Other input devices (not shown) may include a joystick, game pad,
satellite dish, scanner, or the like. These and other input devices
are often connected to the processing unit 120 through a user input
interface 160 that is coupled to the system bus, but may be
connected by other interface and bus structure, such as a parallel
port, game port or a universal serial bus (USB). A monitor 191 or
other type of display device is also connected to the system bus
121 via an interface, such as a video interface 190. In addition to
the monitor, computers may also include other peripheral output
devices such as speakers 197 and printer 196, which may be
connected through an output peripheral interface 190.
[0030] The computer 110 may operate in a networked environment
using logical connections to one or more remote computers, such as
a remote computer 180. The remote computer 180 may be a personal
computer, a hand-held device, a server, a router, a network PC, a
peer device or other common network node, and typically includes
many or all of the elements described above relative to the
computer 110. The logical connections depicted in FIG. 1 include a
local area network (LAN) 171 and a wide area network (WAN) 173, but
may also include other networks. Such networking environments are
commonplace in offices, enterprise-wide computer networks,
intranets and the Internet.
[0031] When used in a LAN networking environment, the computer 110
is connected to the LAN 171 through a network interface or adapter
170. When used in a WAN networking environment, the computer 110
typically includes a modem 172 or other means for establishing
communications over the WAN 173, such as the Internet. The modem
172, which may be internal or external, may be connected to the
system bus 121 via the user input interface 160, or other
appropriate mechanism. In a networked environment, program modules
depicted relative to the computer 110, or portions thereof, may be
stored in the remote memory storage device. By way of example, and
not limitation, FIG. 1 illustrates remote application programs 185
as residing on remote computer 180. It will be appreciated that the
network connections shown are exemplary and other means of
establishing a communications link between the computers may be
used.
[0032] FIG. 2 is a block diagram of a mobile device 200, which is
another exemplary computing environment. Mobile device 200 includes
a microprocessor 202, memory 204, input/output (I/O) components
206, and a communication interface 208 for communicating with
remote computers or other mobile devices.
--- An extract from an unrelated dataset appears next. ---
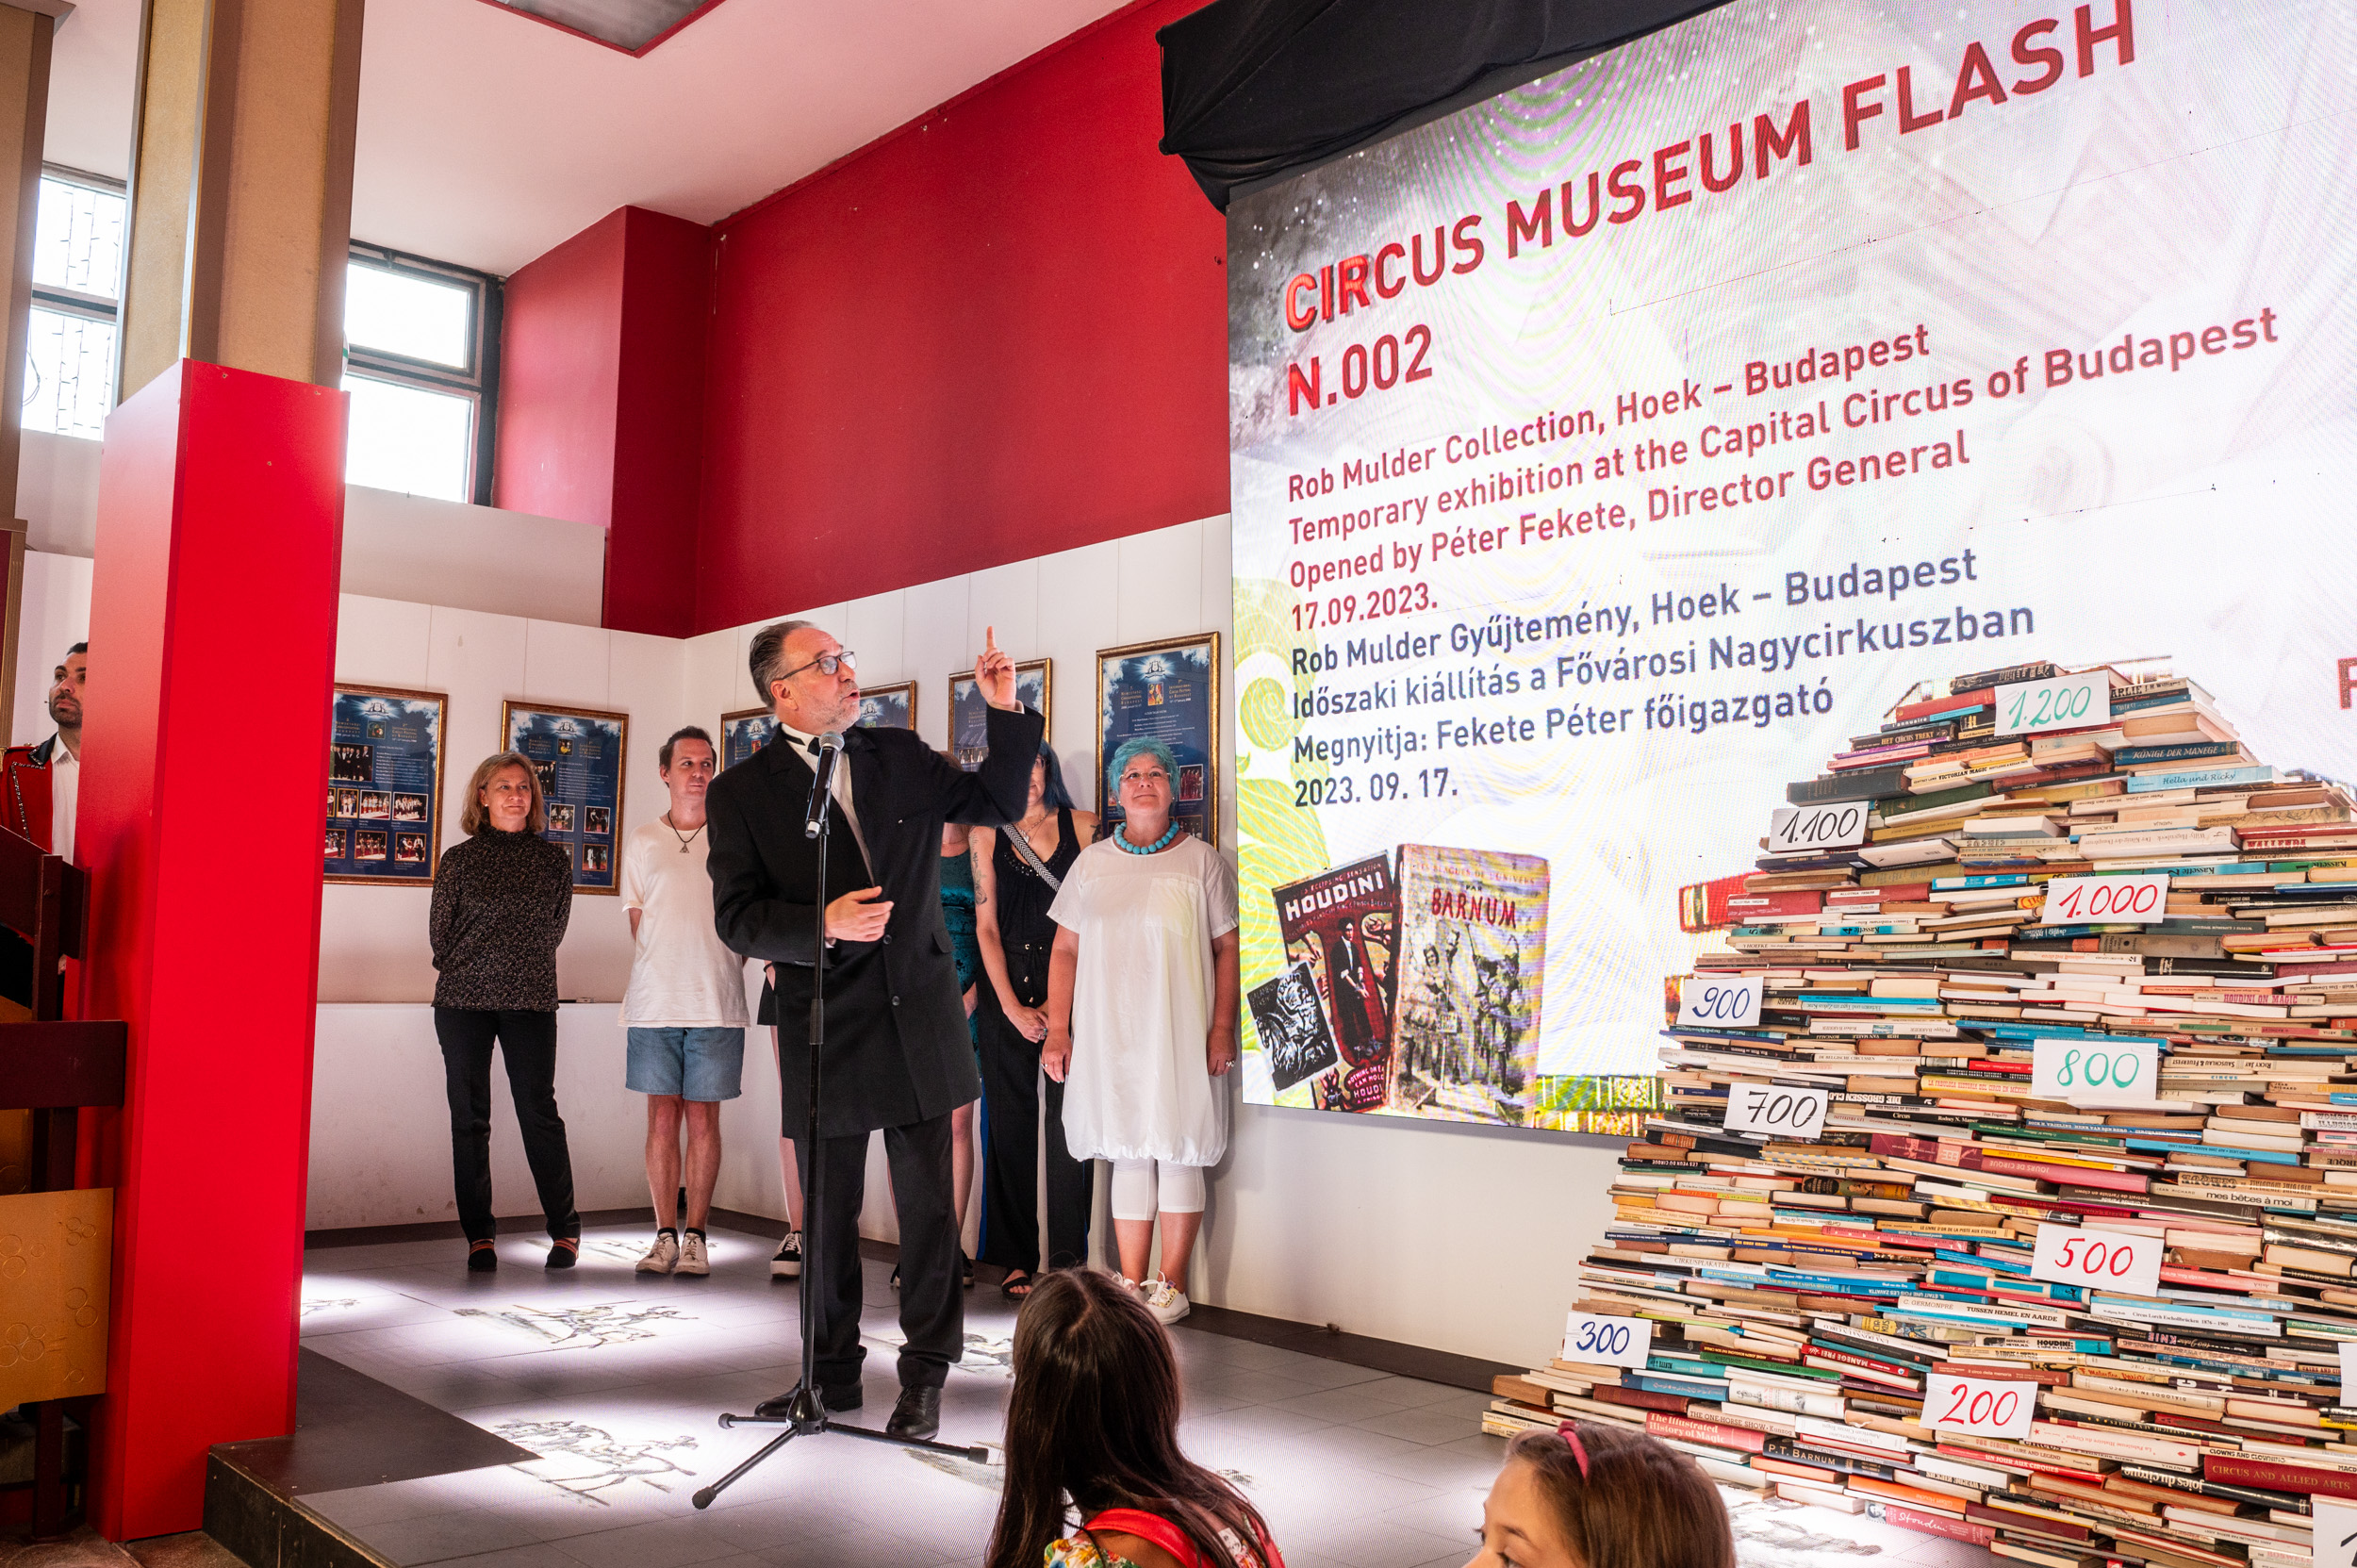 Hatalmas sikere volt a „Circus Museum Flash N.002: Rob Mulder Collection, Hoek – Budapest” című időszaki kiállításmegnyitóna

In one embodiment, the
afore-mentioned components are coupled for communication with one
another over a suitable bus 210.
[0033] Memory 204 is implemented as non-volatile electronic memory
such as random access memory (RAM) with a battery back-up module
(not shown) such that information stored in memory 204 is not lost
when the general power to mobile device 200 is shut down. A portion
of memory 204 is preferably allocated as addressable memory for
program execution, while another portion of memory 204 is
preferably used for storage, such as to simulate storage on a disk
drive.
[0034] Memory 204 includes an operating system 212, application
programs 214 as well as an object store 216. During operation,
operating system 212 is preferably executed by processor 202 from
memory 204. Operating system 212, in one preferred embodiment, is a
WINDOWS.RTM. CE brand operating system commercially available from
Microsoft Corporation. Operating system 212 is preferably designed
for mobile devices, and implements database features that can be
utilized by applications 214 through a set of exposed application
programming interfaces and methods. The objects in object store 216
are maintained by applications 214 and operating system 212, at
least partially in response to calls to the exposed application
programming interfaces and methods.
[0035] Communications interface 208 represents numerous devices and
technologies that allow mobile device 200 to send and receive
information. The devices include wired and wireless modems,
satellite receivers and broadcast tuners to name a few. Mobile
device 200 can also be directly connected to a computer to exchange
data therewith. In such cases, communication interface 208 can be
an infrared transceiver or a serial or parallel communication
connection, all of which are capable of transmitting streaming
information.
[0036] Input/output components 206 include a variety of input
devices such as a touch-sensitive screen, buttons, rollers, and a
microphone as well as a variety of output devices including an
audio generator, a vibrating device, and a display. The devices
listed above are by way of example and need not all be present on
mobile device 200. In addition, other input/output devices may be
attached to or found with mobile device 200 within the scope of the
present invention.
[0037] FIG. 3 is an overview flow diagram showing two aspects of
the present invention embodied as a single method 300. FIGS. 4 and
5 are block diagrams illustrating modules for performing each of
the aspects. Referring to FIGS. 3 and 4, a lexical knowledge base
construction module 402 augments or provides a lexical knowledge
base 404 to include information used later to perform word
segmentation that resolves overlapping ambiguities. The lexical
knowledge base construction module 402 performs step 304 to augment
the lexical knowledge base 404 in method 300. Step 304 is discussed
in greater detail below in conjunction with FIGS. 6A-6C.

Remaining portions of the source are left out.